Chapter 5

Chapter 5 — Common Table Expressions (CTEs)

A Common Table Expression — written with the WITH keyword — is a named, temporary result set that exists only for the duration of a single SQL statement. Think of it as giving a subquery a name so you can refer to it clearly, reuse it, and chain multiple steps together without nesting queries five levels deep.

MySQL added full CTE support in version 8.0, including the powerful recursive variant that can walk tree structures and graphs. If you're still on MySQL 5.7 you won't have CTEs — one more reason to upgrade.

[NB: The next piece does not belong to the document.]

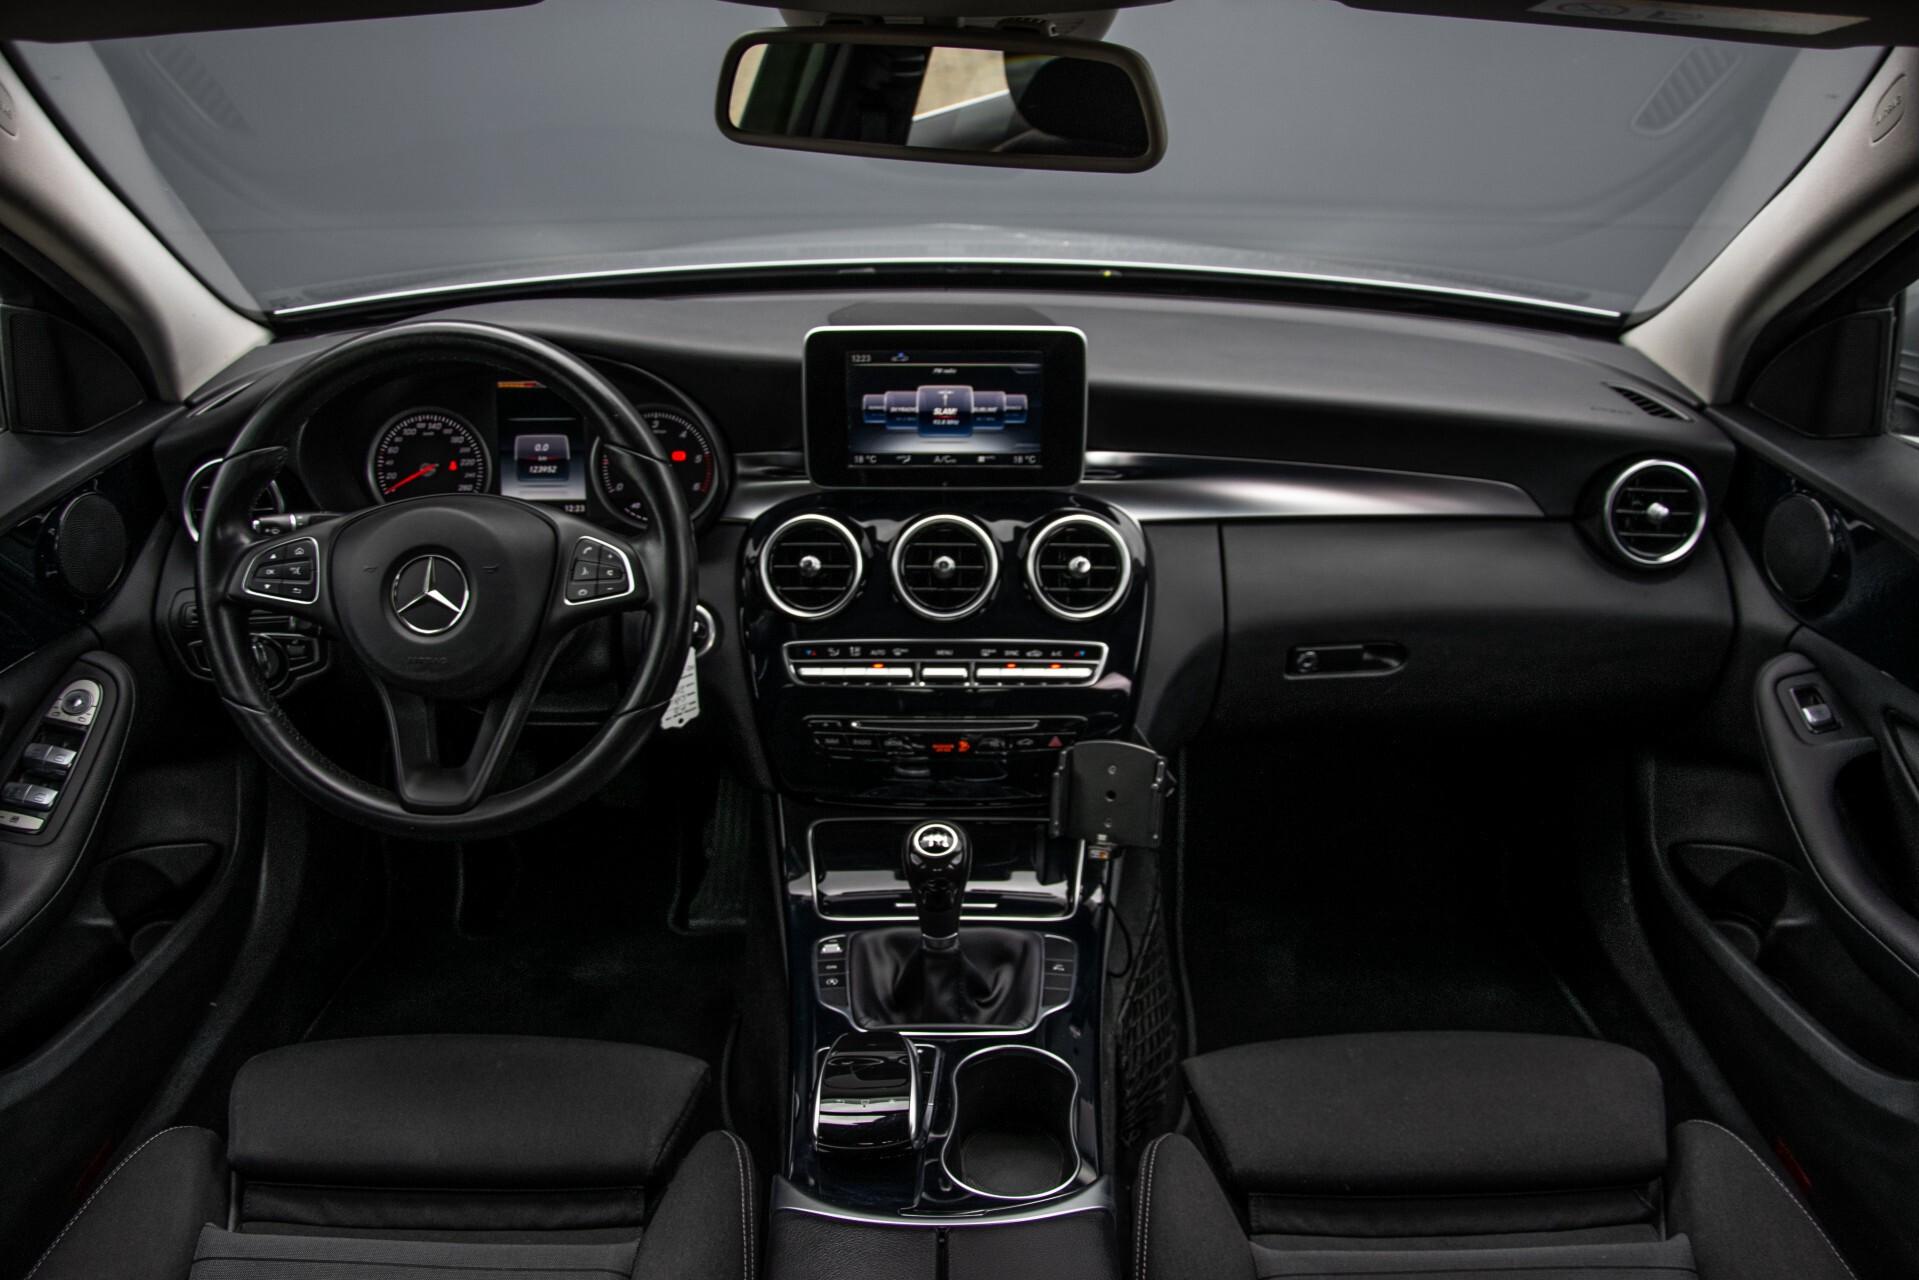 Mercedes-Benz C-Klasse 180 Bluetec Lease Edition Intelligent Light System/Cruise Control/Navi Foto 7
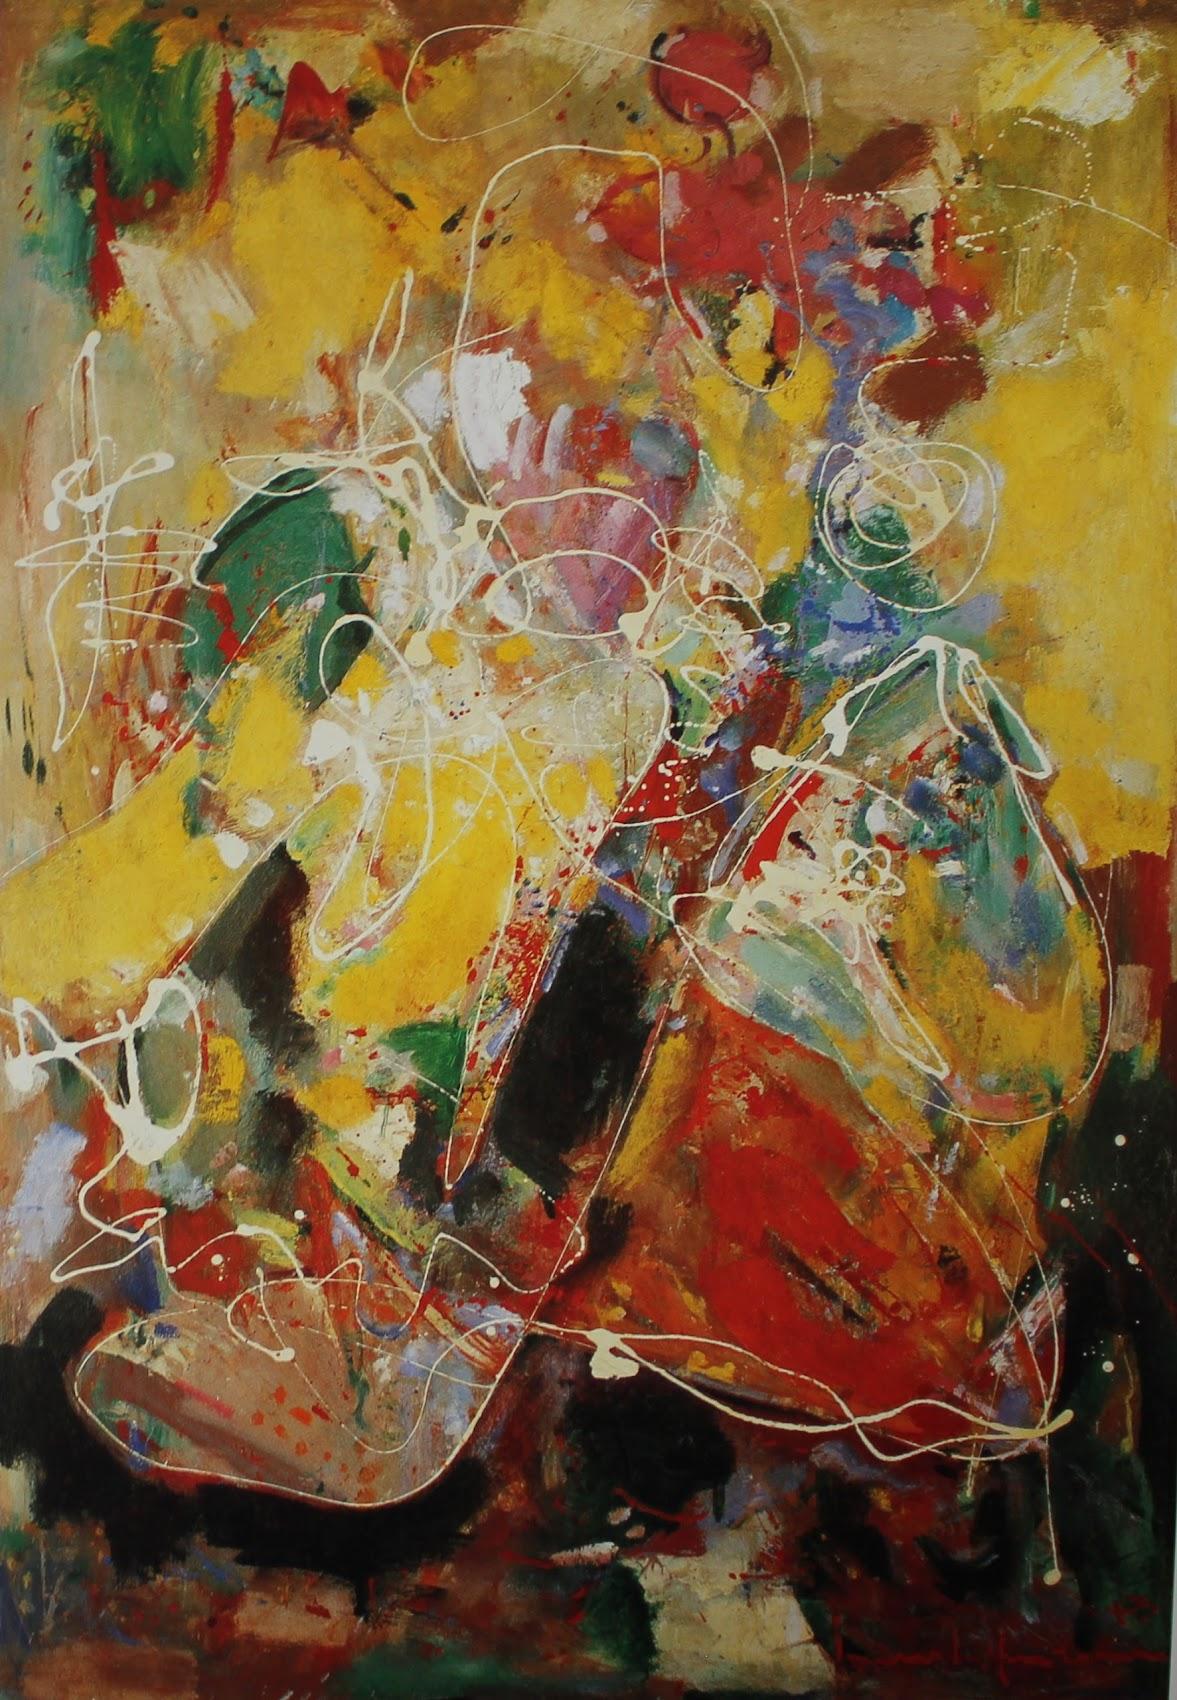 http://4.bp.blogspot.com/-2s0ADyZrt9g/T8PEExF5DhI/AAAAAAAAAm8/90AC2ebfqng/s1700/Hofmann--Fantasia+(1943).JPG

Availability: CTEs (WITH clause, including recursive) require MySQL 8.0+. MariaDB added them in 10.2. Check your version: SELECT VERSION();

1. Basic Syntax — WITH … AS

WITH cte_name AS ( ← name you choose SELECT ... ← any valid SELECT FROM ... WHERE ... ) SELECT * FROM cte_name ← reference the CTE here WHERE ... ;

The CTE name is scoped to the statement that defines it. You cannot reference it from other queries or sessions. It disappears the moment the statement finishes.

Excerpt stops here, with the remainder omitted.